I'm just putting the final touches onto my new algorithm. It merges concepts from Leaps, Collection Oriented Match and Left/Right unlinking, as well as a few ideas of my own. The code is committed, but I'm just getting accumulate to work and writting some more tests. I'll do a full blog in a week or so, writting about it in more detail, hopefully accompanied with an alpha for people to play with.
The algorithm addresses the greedy and wasteful nature of Rete. This will make it suitable for more constrained environments, such as mobile devices, or browsers if we do a JS port with GWT. Further it's been designed with multi-core utilisation in mind - although I haven't implemented that yet.
For those with an understanding of the terminologies, here is a bullet point list of what I've done so far.
- With segments to preserve sharing. Bit masks used for right input and segments, for efficient checking.
- A Segment has it's bit set, when all right inputs have their bit set.
- A rule is linked in, when each segment has it's bit set.
- No beta evaluation happens until a rule is both fully linked in an popped of the agenda (see lazy rule evaluation)
- A linked rule can be unlinked, when any of right inputs has no data
- All full and partial join data is preserved.
- avoids re-calculation when rule is re-linked
- Stops further wasted join attempts until the rule is likely to fire
- GC algorithm is needed, so joins can be removed from memory if not used for some time.
- I suspect we could use arc consistency to further delay when a bit is set, rather than simple the existing of a right input
Lazy rule evaluation
- Rule's beta network is not evaluated when linked. Instead it's added to the priority queue, only when it pops do we evaluate it's beta network
Set Oriented propagations
- All insert, update and deletes are staged for the right inputs, until rule is evaluated.
- Beta network evaluation starts at the root
- All inset/update/delete's are processed together resulting in a set of tuples to be propagated to the next node
- The set of tuples has separate lists for inserted, updated, deleted tuples.
- Ensures course grained node evaluation, ideal for multi-core scheduling.
- Single pass propagation, instead of typical Rete which depth search thrashes the network.
- Note we do not yet do collection oriented match, which collapses the match space in a node.
- While we borrowed the collection propagation concept, the defragmentation process of collection oriented match needs a lot more thought, as it has downsides.
- While not done yet, we will now be able to support set oriented executions, as well as propagations. Ideas for this are outlined here, https://community.jboss.org/wiki/RuleExecutionSemantics, inspired by DADO.
Modify in place/Differential Update
- Modifies are real, instead of a retract + assert
- Allows for compensation "undo" actions, as we know what really was deleted and what was updated.
- Preserves objects, to avoid GC hit.
- Patterns can listen and react to specific property changes
- Think of it as a property change listener, rather than the current class change listener
- Defaults to listen to constrained fields, users may override what they do or don't listen to.

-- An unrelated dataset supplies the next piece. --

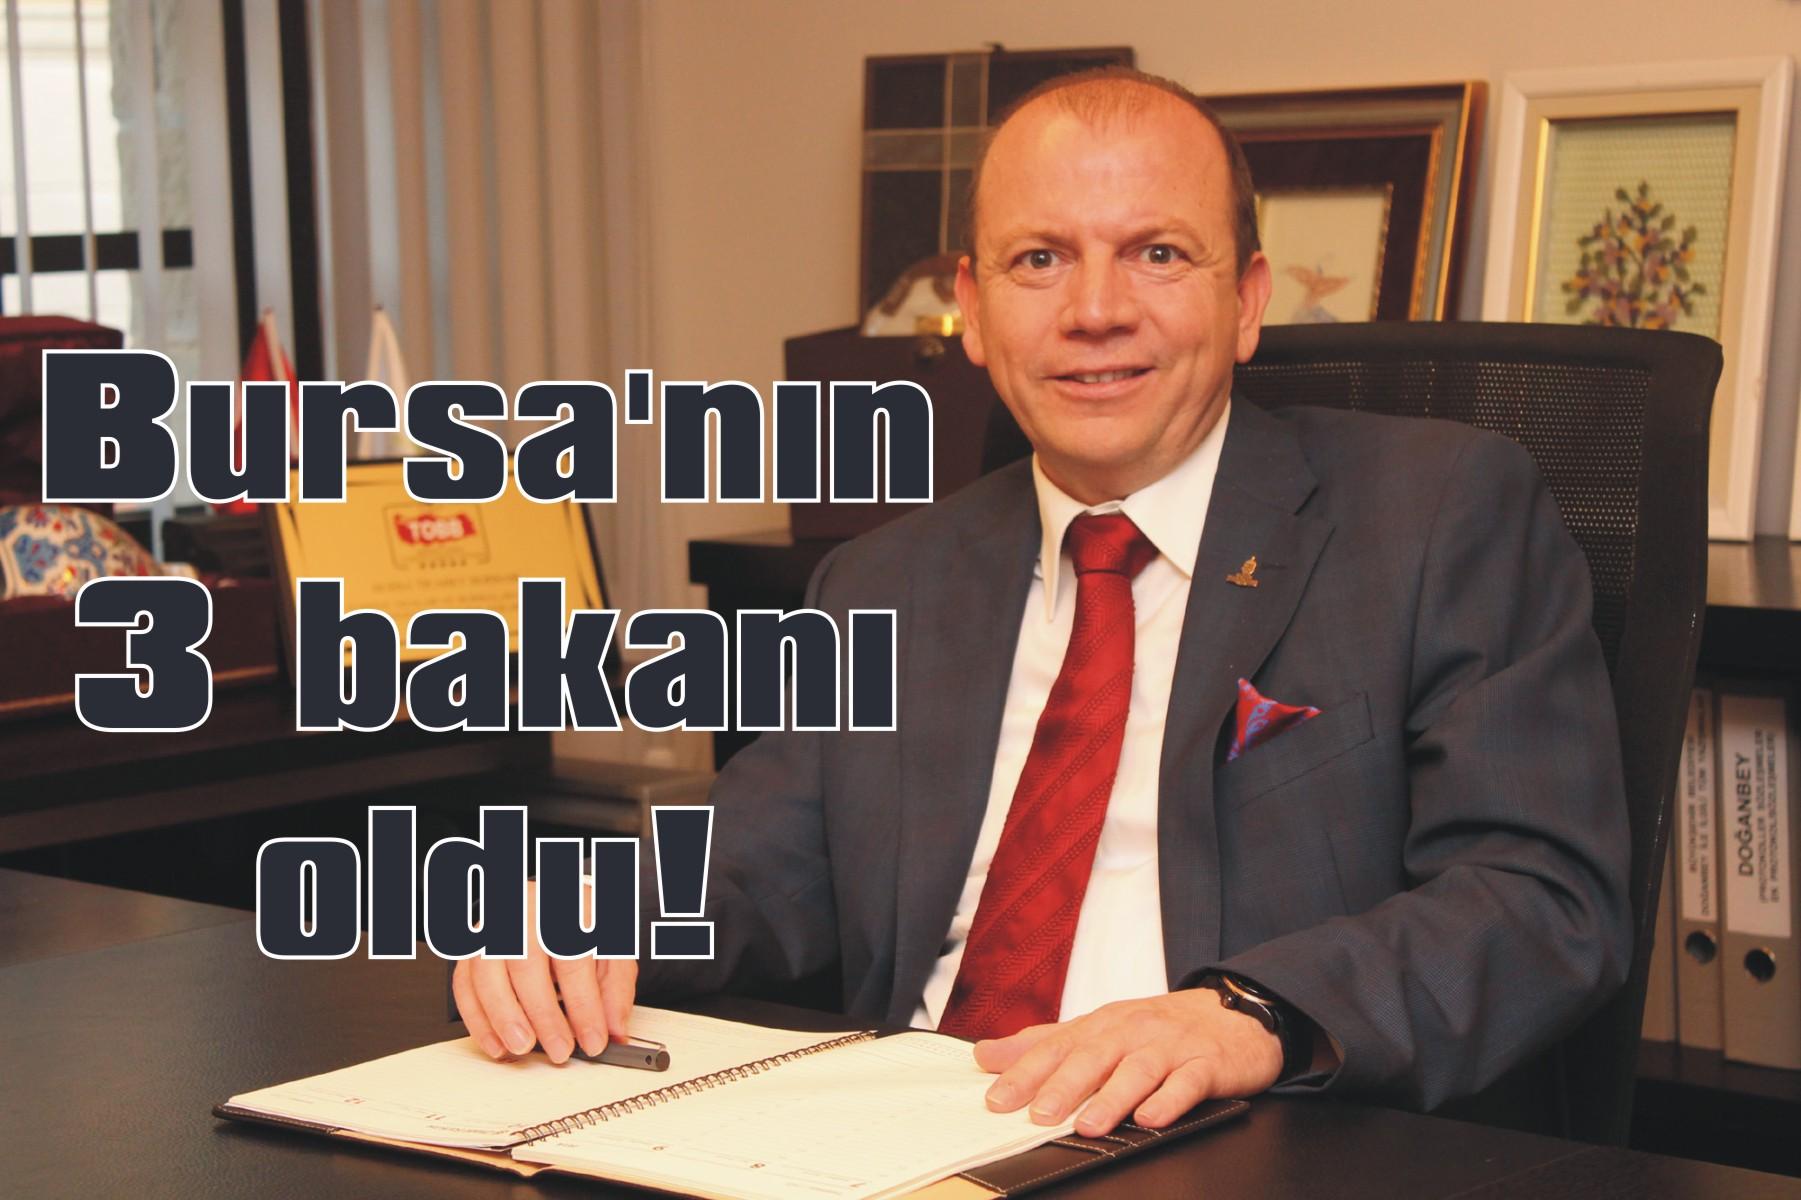 Bursa'nın 3 bakanı oldu!
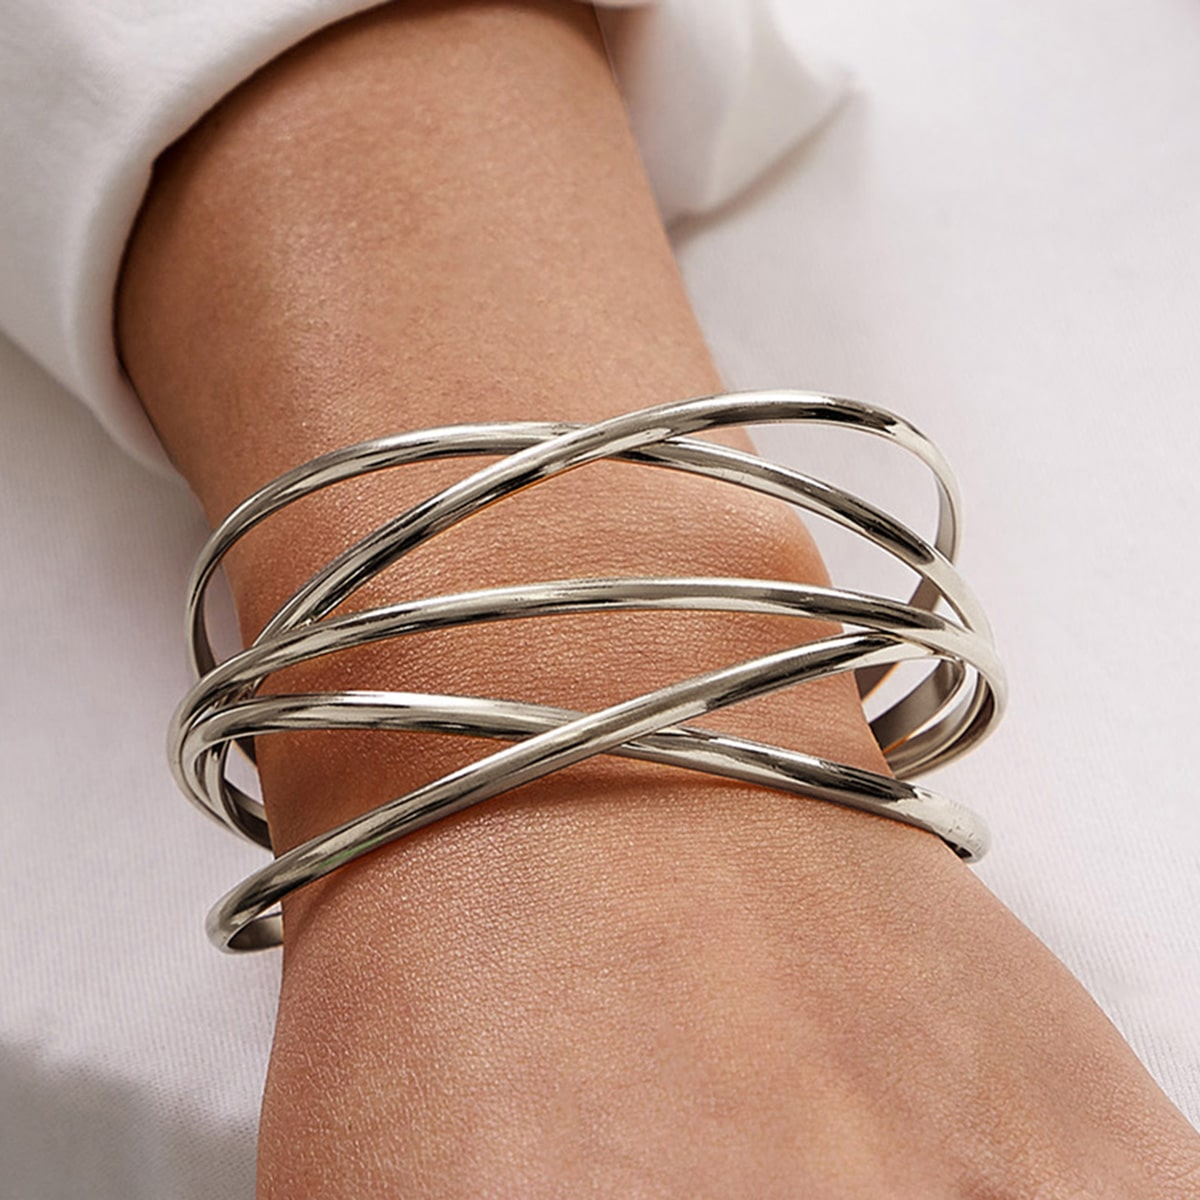 SHEIN / 1pc Metallic Wickelmanschette Armband

- Uses bit masks to keep it efficient
Tree based graphs
- Retracts simply need to iterate the graph
- Allows for efficient "modify in place"
- not, exists, accumulates can supported nested groups and patterns
- Is supported as part of the single pass network evaluation
- Our tuple set reaches the left input, and then recursively evaluates the subetnworks(s). This then eventually results in a single set of tuples again, which is applied to our current node, resulting in a single set to propagate to the child.
While not complete, here are some TODO items I can think of, to give an idea of near and longer term ideas:
More efficient sub-networking
- The new design allows for more efficient execution within subnetworks, but we have yet to take advantage of this.
- Allow joins to be GC'd after a period of time, if they are not used, but also must support recreation while not invalidating the execution sequence of rules (i.e. a rule must not fire again, if it's already fired)
Different network topologies
- Rete network's always join from left to right, this is not always efficient. Treat and Gator networks look at how different topologies can reduce the number of join attempts, it can also improve sharing with our new segmentation based network.
- The design now is already queued based, and supports coarse grained units of work. We now need to start creating the thread model and better isolating and separating the alpha network propagation process. This involves refactoring our existing locking model.
- Efficient testing of overlapping rules is needed - i.e does one rule share segment with another rule. This will allow us to evaluate rules, without sync points.
- At the moment linking is done by setting a bit, when a right input receives a single fact. Arc consistency can be used to further delay this linking process, only linking in a rule segment and also a rule, when arc consistency is achieved.
MVCC and Transactions
- The propagation model should support Multi-Version Concurrent Control. This will be necessary to get better multi-core support, and it will enable transactions support.
RETE 2013 :)